> _INFORMATION SHOWN_
------

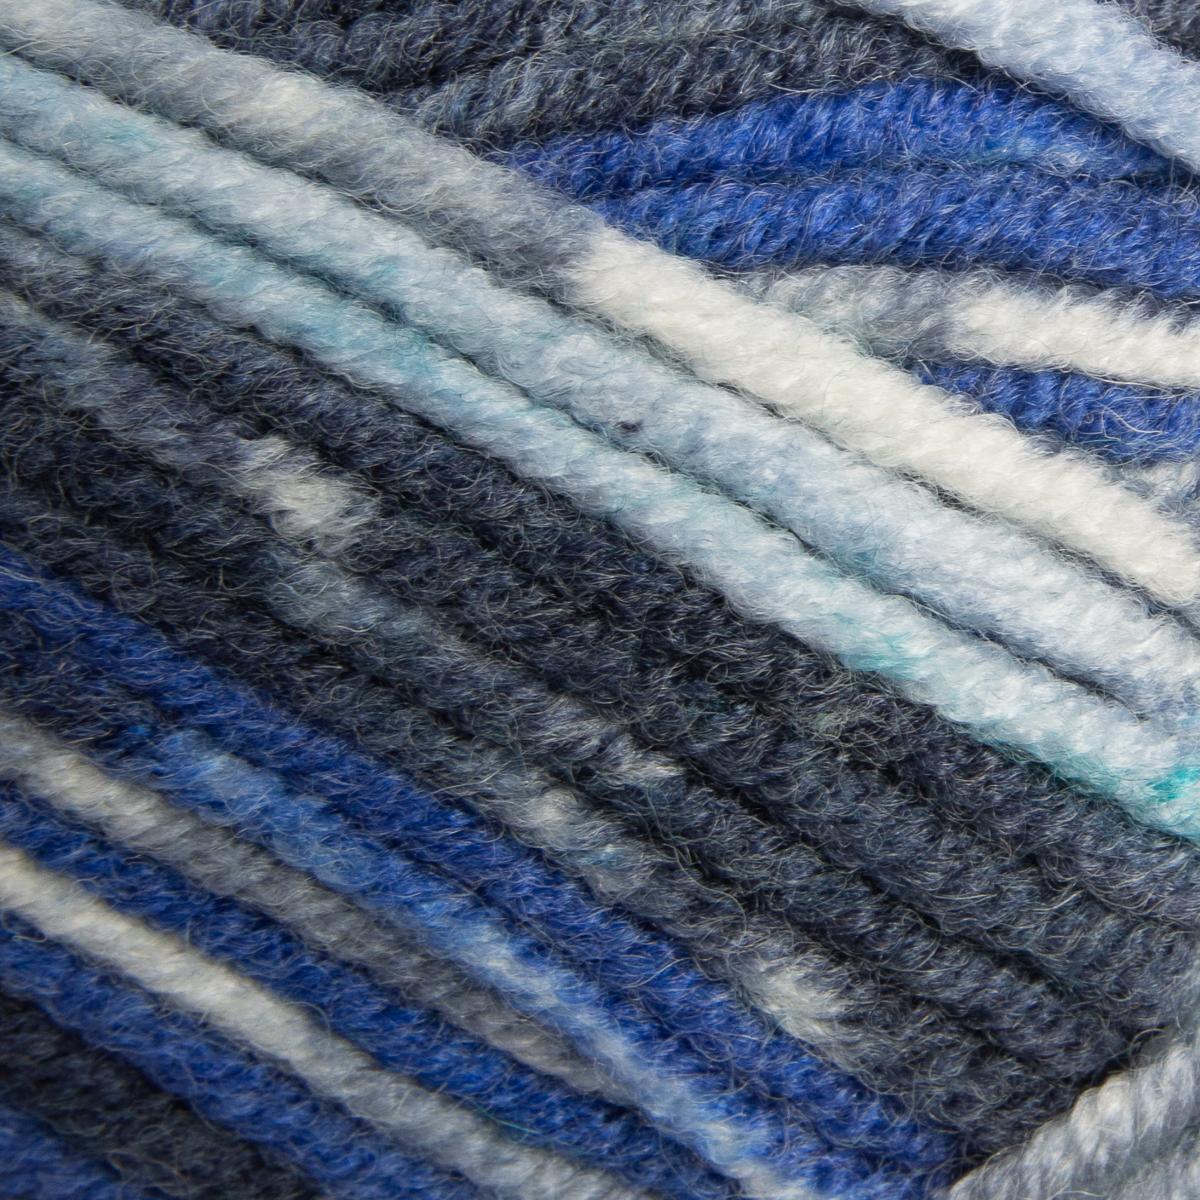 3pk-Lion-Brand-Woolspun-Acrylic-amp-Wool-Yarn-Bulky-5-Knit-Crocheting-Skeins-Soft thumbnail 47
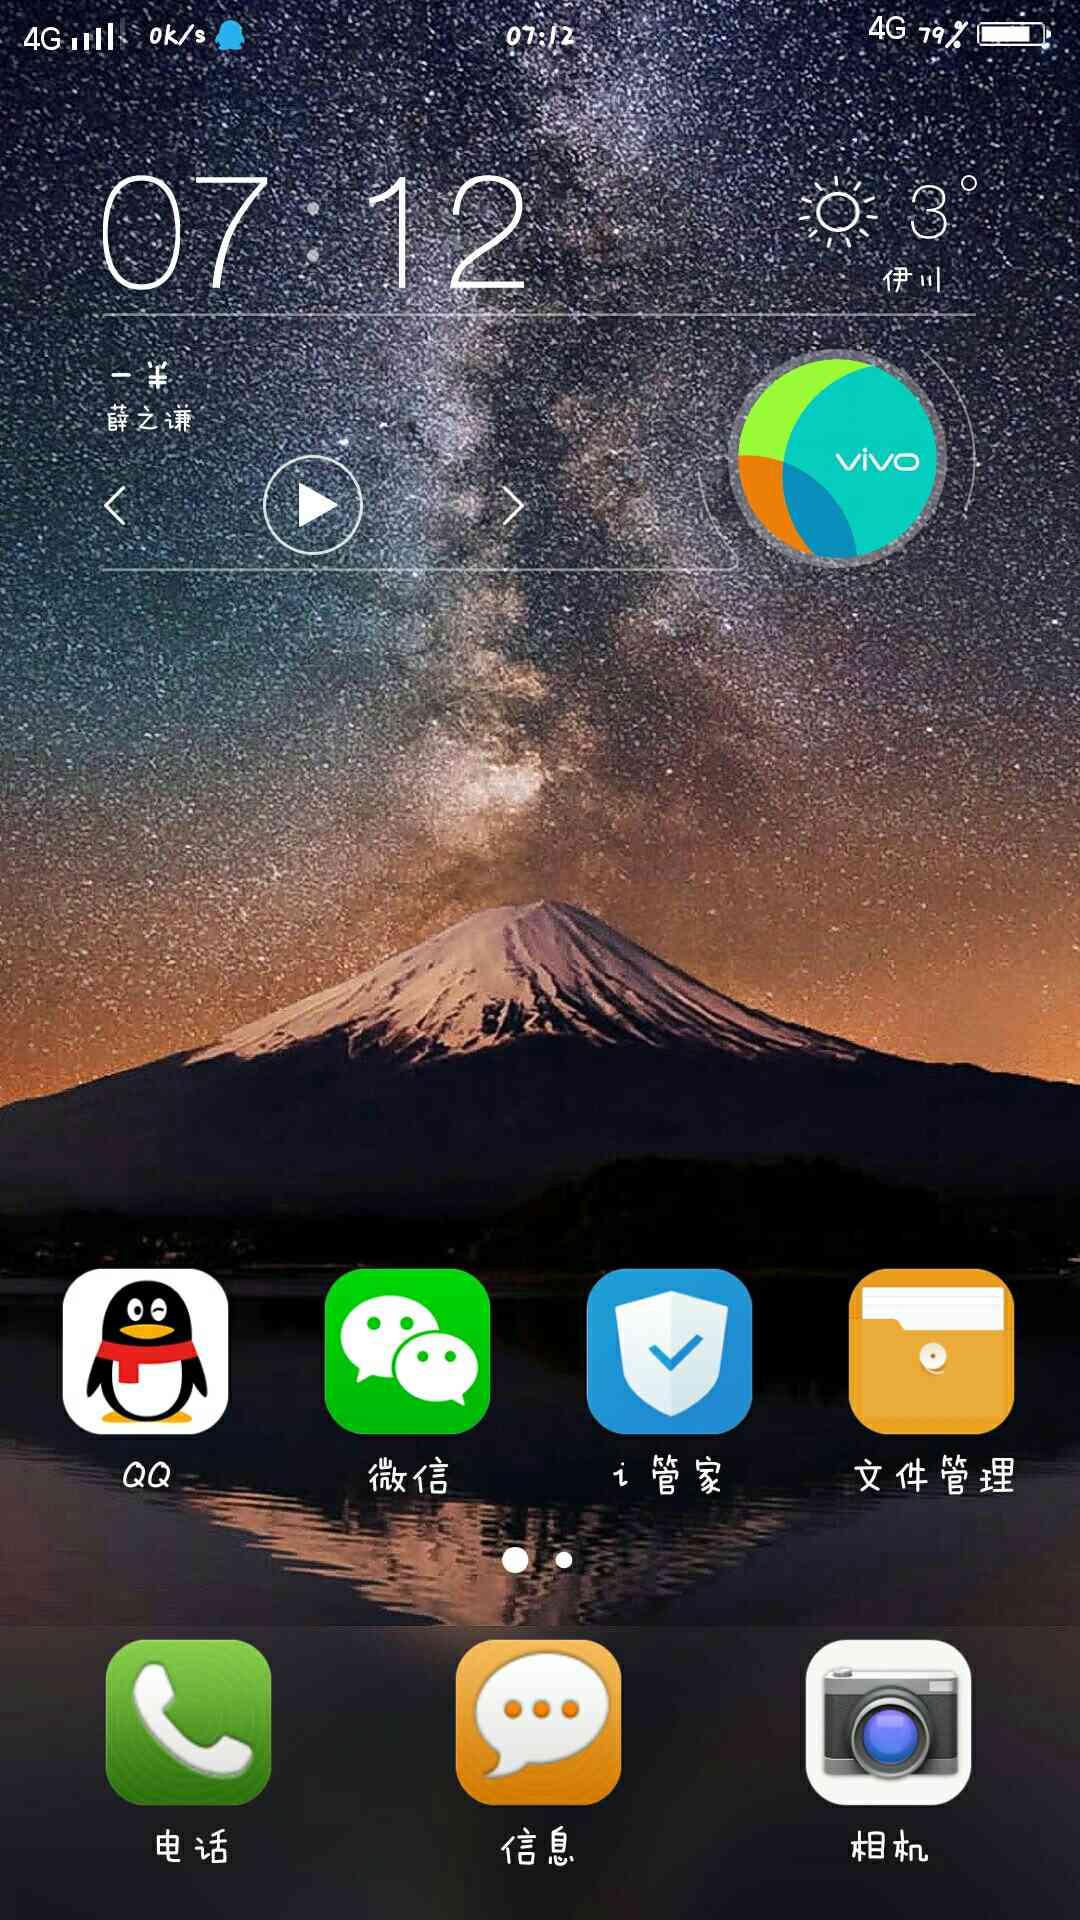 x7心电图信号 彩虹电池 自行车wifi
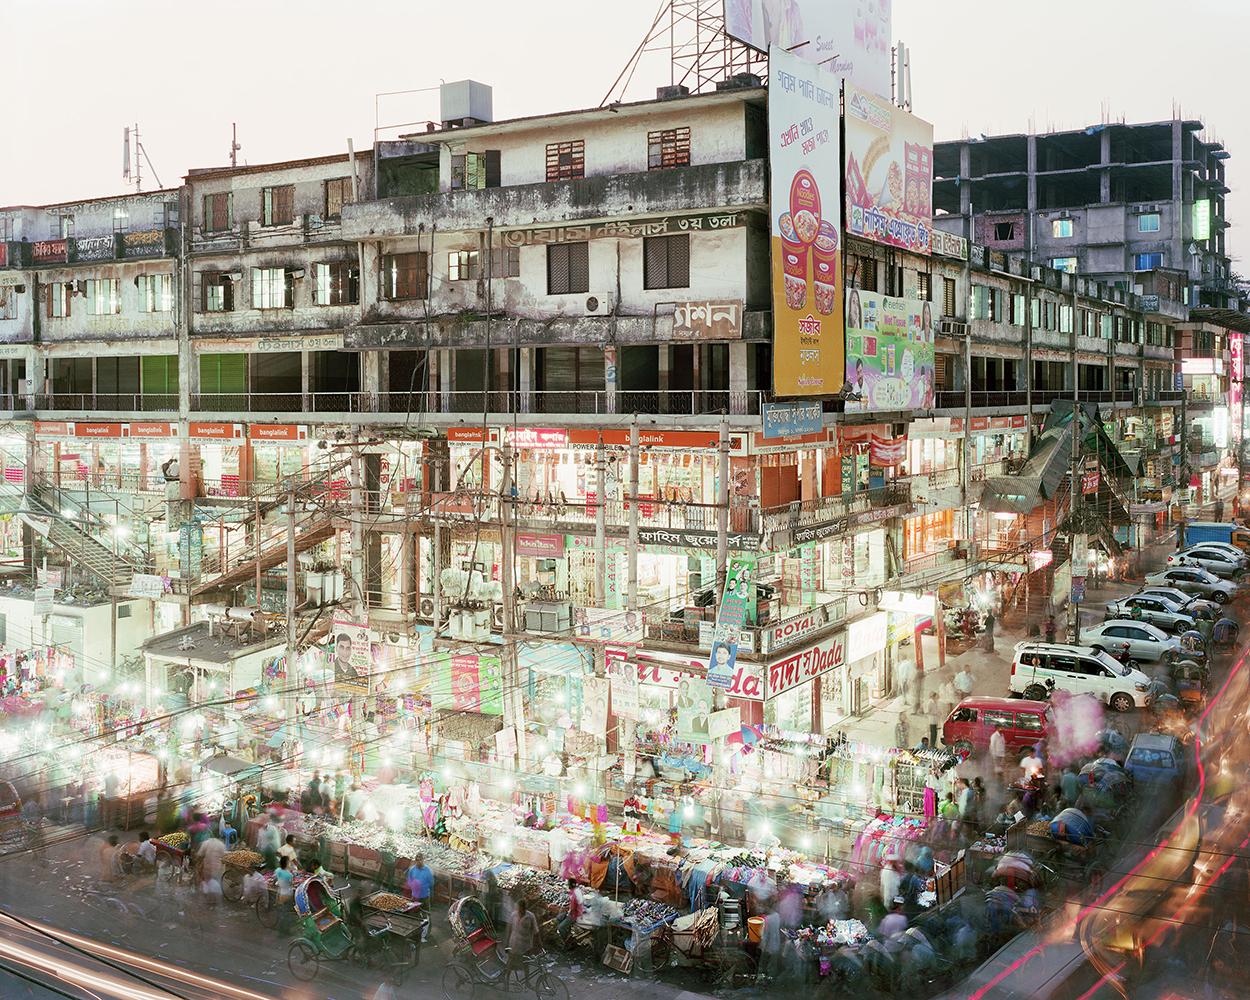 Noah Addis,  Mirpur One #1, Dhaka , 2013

------

> _WORK REQUIRED_
The result should be a word-for-word restatement of all the data, without images.

> _TASK RESULT_
 3pk-Lion-Brand-Woolspun-Acrylic-amp-Wool-Yarn-Bulky-5-Knit-Crocheting-Skeins-Soft thumbnail 47
 x7心电图信号 彩虹电池 自行车wifi
 Noah Addis,  Mirpur One #1, Dhaka , 2013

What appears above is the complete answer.